S/SW blog philosophy -

I credit favorite writers and public opinion makers.

A lifelong Democrat, my comments on Congress, the judiciary and the presidency are regular features.

My observations and commentary are on people and events in politics that affect the USA or the rest of the world, and stand for the interests of peace, security and justice.

Tuesday, June 19, 2007

Another year without success in Iraq

It is really hard to want success for the opposition. It may be a little easier for me, however, because I am not an athlete nor a warrior. The best outcome in my opinion, is often not win/lose but win/win.

But it is really hard to visualize a successful outcome for the United States invasion of Iraq, now deemed the world's Number Two Failed State. Millions of us have struggled for a long time with this terrible dilemma.

What to do about "the opposition?" I asked in my blog last year. In mid June 2006 I posted "Who does not want success?" (to which I linked today's post title). I spoke about Senator Joe Biden's view - representing what I called "the loyal opposition at home." I want to quote a bit of what I was thinking back then:

[Biden] . . . "hoped that President Bush can have success in Iraq." It would be crazy to want this misguided war to utterly fail. It is not disloyal to the Democratic Party to have a nonpartisan approach to foreign affairs, as does the good senator, for the most part. People of good will want success for the Iraqi people most of all.
In an interview . . . the Senator, like so many of us, made it clear that he does not wish to see the U.S. effort fail in Iraq.
Iraqis oppose each other - I also spoke a year ago about "the loyal opposition in Iraq." In 2007 they are in what seems like a full civil war. I quote from my post again:
In order to feel any loyalty to the nation of Iraq, members of minorities, must have some share of the available power and resources.
. . . [Biden]was not calling for a true partition, but for more autonomy and oil revenue sharing for each region. I may not agree with Senator Biden's proposal, but his point is well taken. Just as in the United States, religious or ethnic differences can separate the people of a nation. Poverty and lack of the basic necessities of food, shelter and safety can separate people here or in the Muslim world.
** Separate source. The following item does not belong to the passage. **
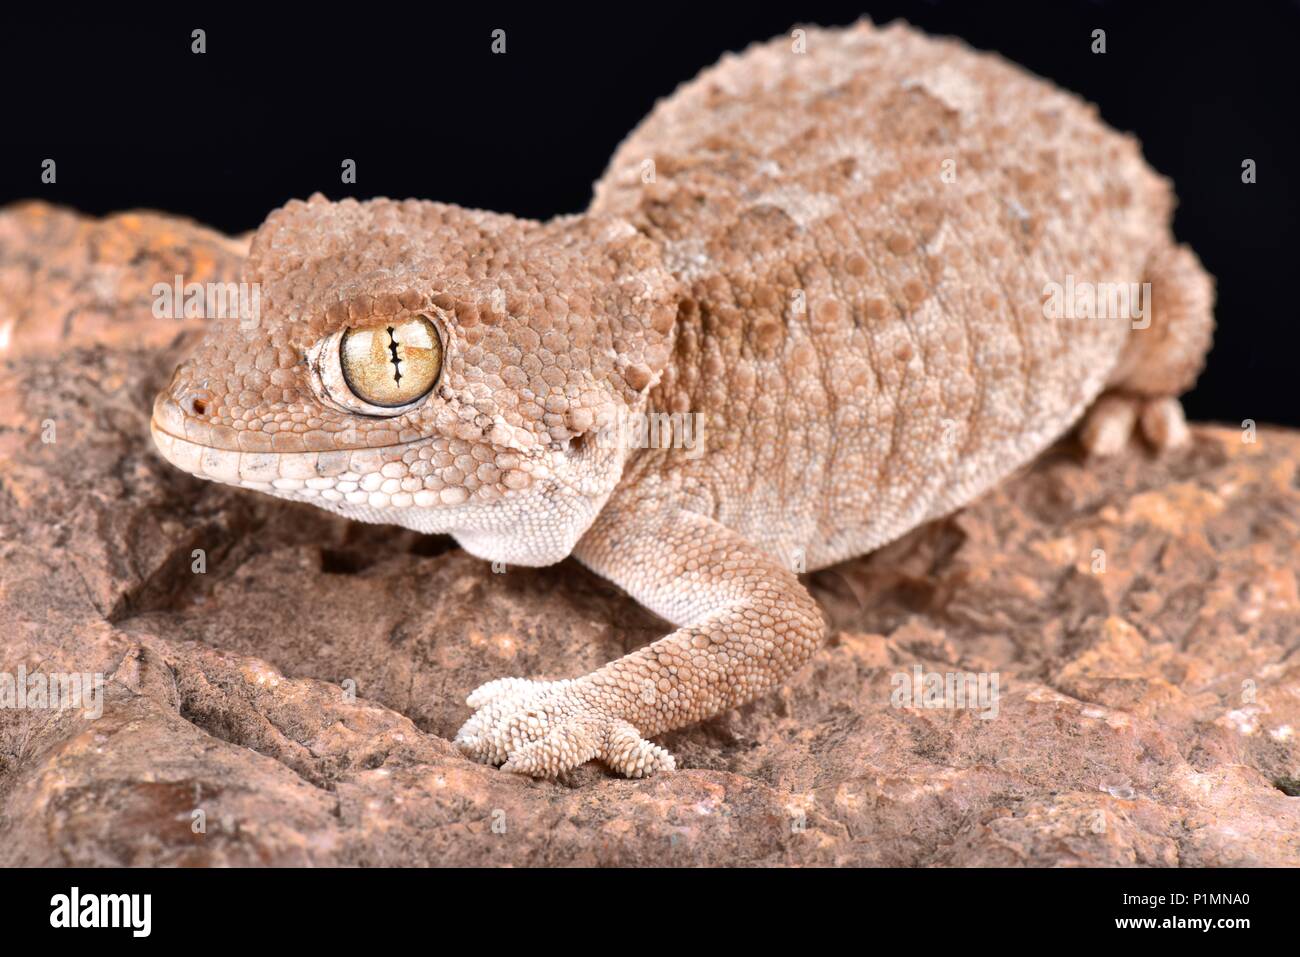 Le gecko casqué (Tarentola chazaliae) est originaire du Sahara occidental, la Mauritanie et le Maroc dans les zones près de la côte où l'humidité est élevée. Banque D'Images

"Sharing power with the opposition," was the heading of the conclusion of last year's post. I quote it in full:
The Iraqi constitution is very new. It is yet to be modified to the satisfaction of all the people living in Iraq, so that power can be shared equitably by all. The U.S. constitution is very old, much modified, and also still vulnerable. If we are not very careful, the executive branch will have far too much power, and the original framers' careful separation of powers doctrine will be in shambles.
Loyal oppositions in both countries want their national administrations to be successful, but not too successful at gathering power only unto themselves. Utterly partisan leaders cannot have it both ways. There are terrible trade-offs with power grabs. In Iraq lots of people are dying. In the United States, lots of people have opted out of the political process in disgust. Will the 2006 election turnout be as equally disheartening as the other recent ones?

The war in Iraq will never be successful as visualized by our current president (OCP) - The incursion was a mistake from the beginning. But the Democrats won the election in 2006! Surely we cannot be disheartened. But we are, because members of Congress have not acted on their election success. They have ceded power to the opposition. So what is the answer now?

There was never a merely military answer for Iraq. The military is a great institution when it sticks with what it does best, defend the United States against enemy attack. Iraq never attacked the U.S. We attacked Iraq - Mistake Number One. But we cannot undo that now.

Iraq has its own answers, which it will discover or not. The U.S. military was never designed to facilitate such processes. (OCP) Bush definitely eschewed "nation building" during his campaign for president. And now that Iraq must rebuild politically from within its own opposed forces, we have kept the military in charge of supporting their efforts, rather than the State Department. That is Mistake Number Two. And we can and must undo that now.

Congress has the answer. Will they find it? The Executive branch of government does not represent the American people. It has not served us, but itself. Nor has Congress, who actually does represent us, has yet to answer as it must. Congress has to withdraw financial support from the military in Iraq, and increase support for diplomatic efforts to help Iraq succeed, if Iraq decides it wants to succeed. Democratic Congressional leaders are making Mistake Number Three. Democrats must not leave the leading to their loyal opponents, the Republicans. These leaders can and must undo their mistake soon.